For Roman Polanski’s latest, the now octogenarian director has adapted David Ives play Venus in Fur, which is itself based on the 1870 novel of the same name by Leopold von Sacher-Masoch. Taking place entirely in a theatre setting, the chamber piece sees a playwright, Thomas Novachek (Mathieu Amalric), who is directing his own adaptation of Venus in Fur, interrupted at the end of a long day of auditioning the lead role by Vanda Jourdain (Emmanuelle Seigner), an actor late for the reading who insists on being seen, despite Thomas’ obvious disapproval of her appropriateness for the role. We then have two actors, Amalric and Seigner, playing the part of an actor and a director, themselves performing roles.
The role for which Vanda auditions, Vanda von Dunayev, is a supposedly genteel lady, who, after a chance encounter with Severin von Kushemski, is persuaded by him to take him as a slave, in order for him to act out his fantasy of being dominated by a woman. Whilst reading scenes from the play, Vanda dissects the gender imbalances of the text – a piece that explored the presumptions and origins of perversion, and whose author’s name inspired the term ‘masochism’. As an adaptation of a play, Polanski is relatively timid in exploring the cinematic possibilities of the theatre, aside from some witty Foley work to enhance the characters mime, and Oscar-winning composer Alexandre Desplat’s wry and playful score, the action is presented mainly as shot – reverse shot between the two characters.
The real interest here is in the argument between Vanda and Thomas as to the true meaning of the play they are performing. Initially, Vanda ‘performs’ the part of the clueless actress, playing with Thomas’ assumptions about women, who in turn is a character recognisably arrogant and bourgeois. Gradually revealing her knowledge of Thomas’ source material, Vanda’s antagonism then becomes a key delight in the film, as she throws out accusations of sexism and misogyny present in both Sacher-Masoch novel and in Thomas himself. “You’ll never be safe in the hands of a woman,” is but one line taken as evidence of the play’s innate gender imbalance by Vanda, also evidenced by the power exchange in an actor in need of work and a director able to grant it. Though Vanda appears to influence Thomas, directing him and exposing his flaws, his ability to take her seriously is ultimately hindered by the power he holds over her.

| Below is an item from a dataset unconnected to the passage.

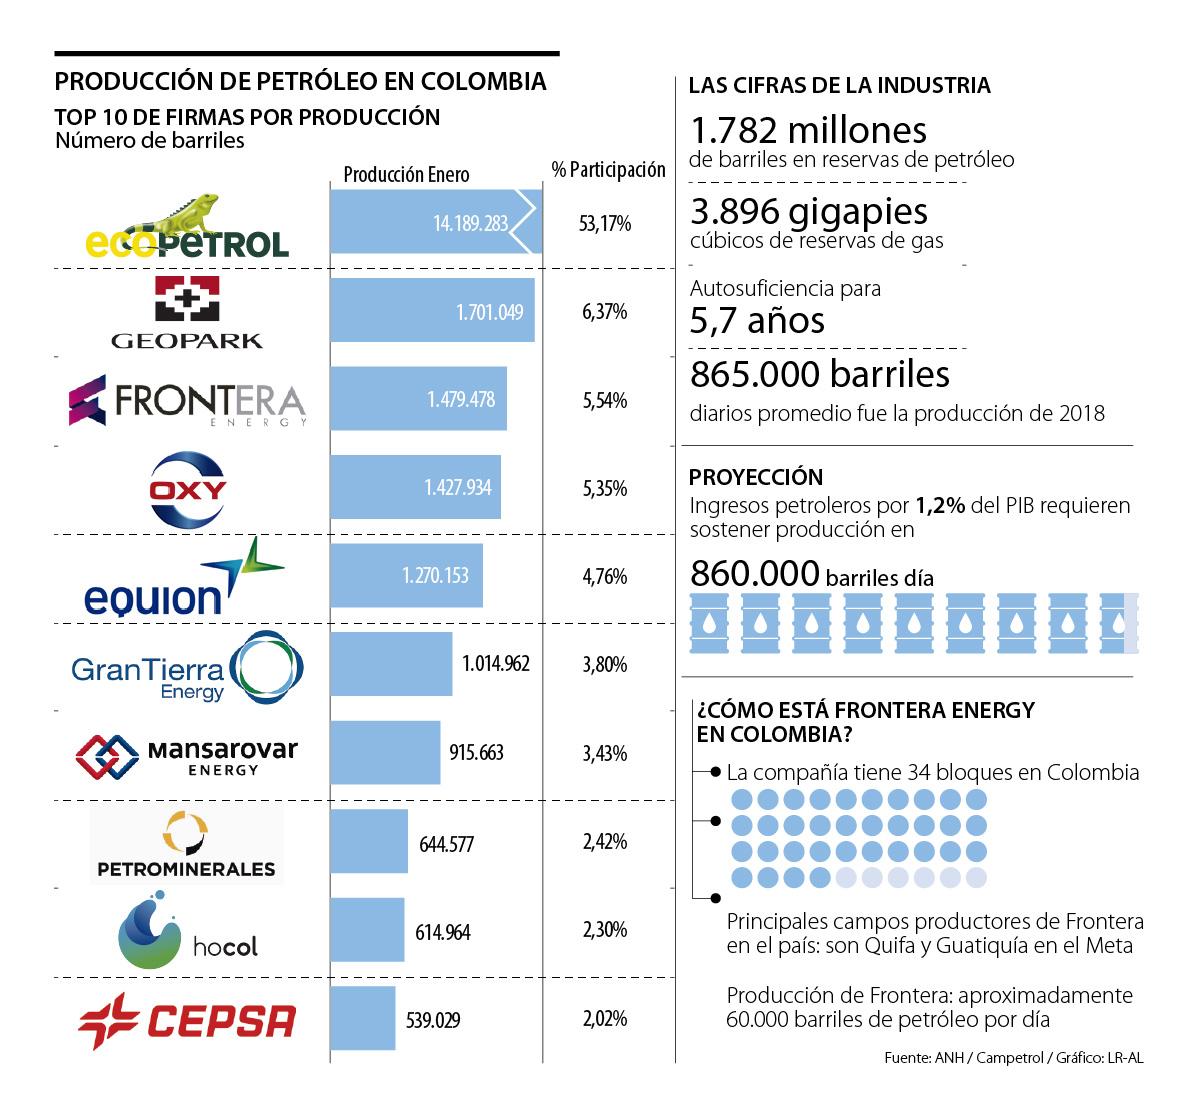 5a7fc5fa6f https://www.larepublica.co/analisis/jorge-hernan-pelaez-500047/traten ...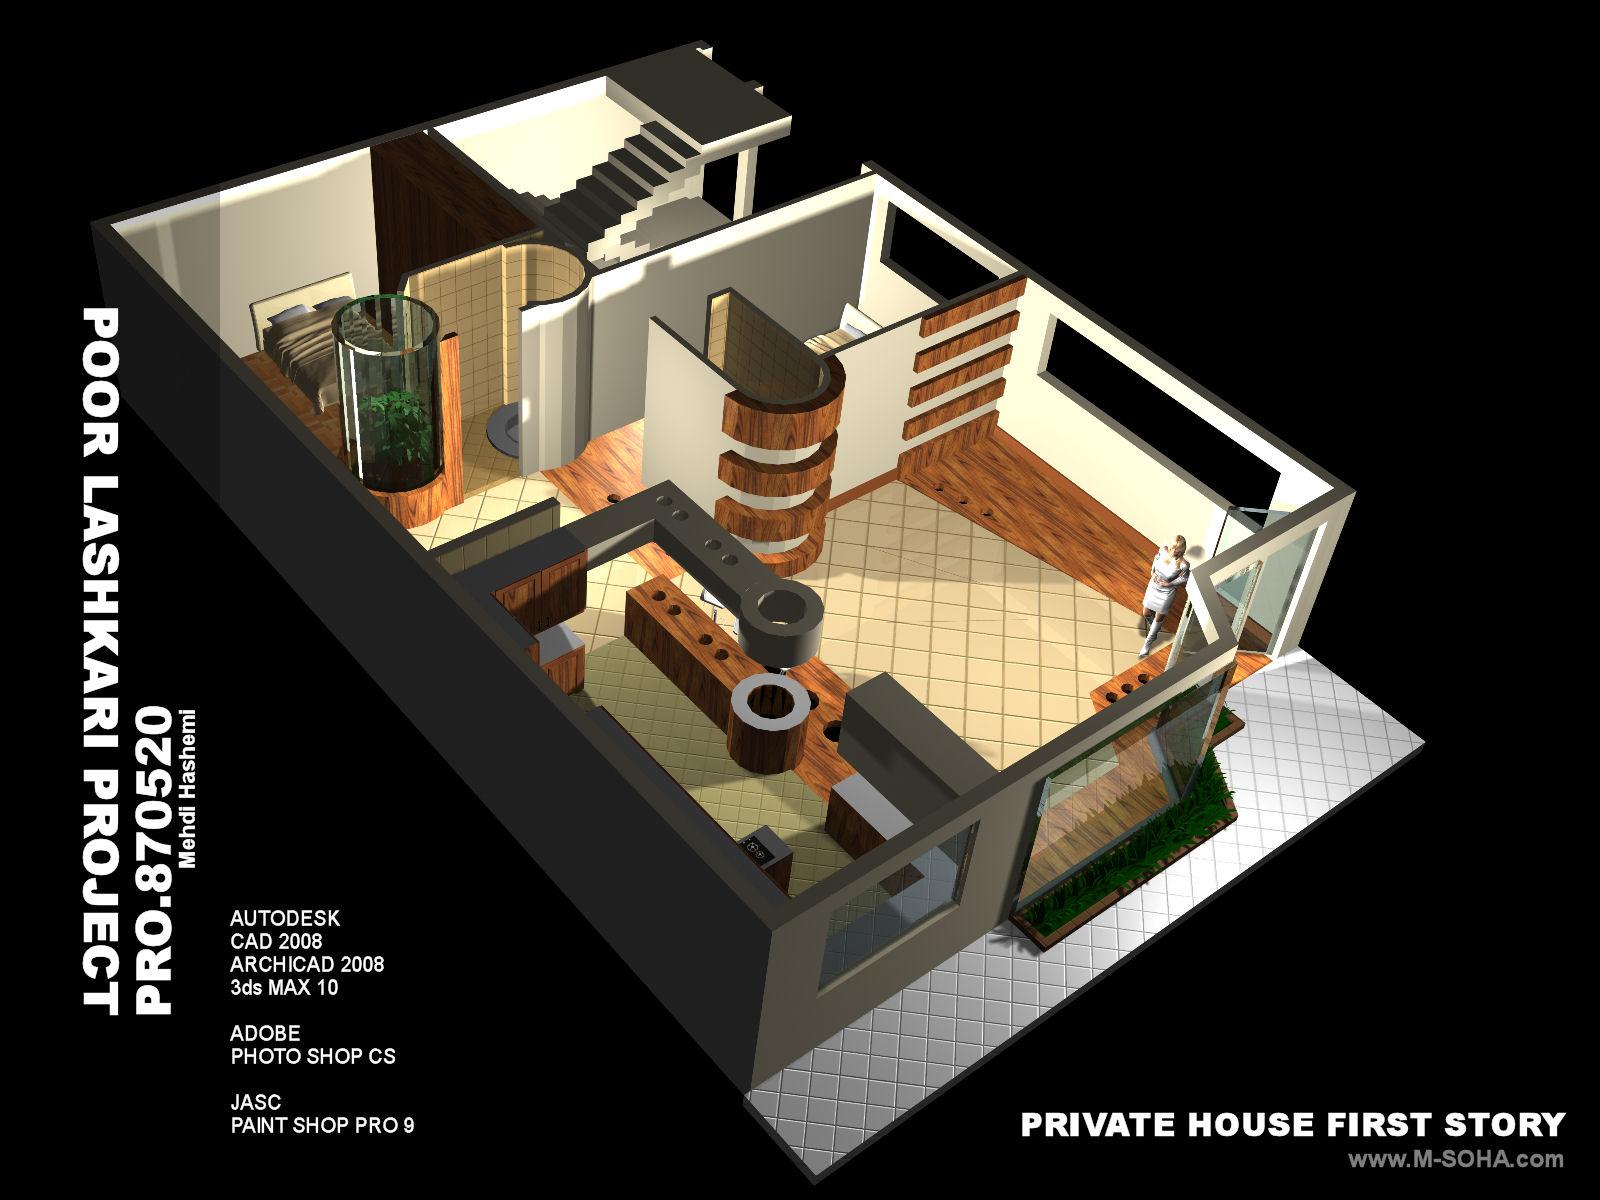 Islamic House Architecture Design – Idea Home And House

When the roles are eventually reversed and Thomas embodies the weak, female role that Vanda has accused him of reinforcing all along, the question then becomes whether Polanski has done anything to dismantle our assumptions of the male director/female muse dichotomy. If we take Thomas for Polanski, is Seigner punishing him for indulging his own fantasy of female dominance, and is it in fact enforced by the camera’s lingering gaze over Seigner’s impressive form? Yes, the woman ultimately holds power over the man, but in the eyes of her director, she’s also an object of lust. Venus in Fur is then at once a deeply unsubtle examination of sexism, and something of a mystery in its sexual politics.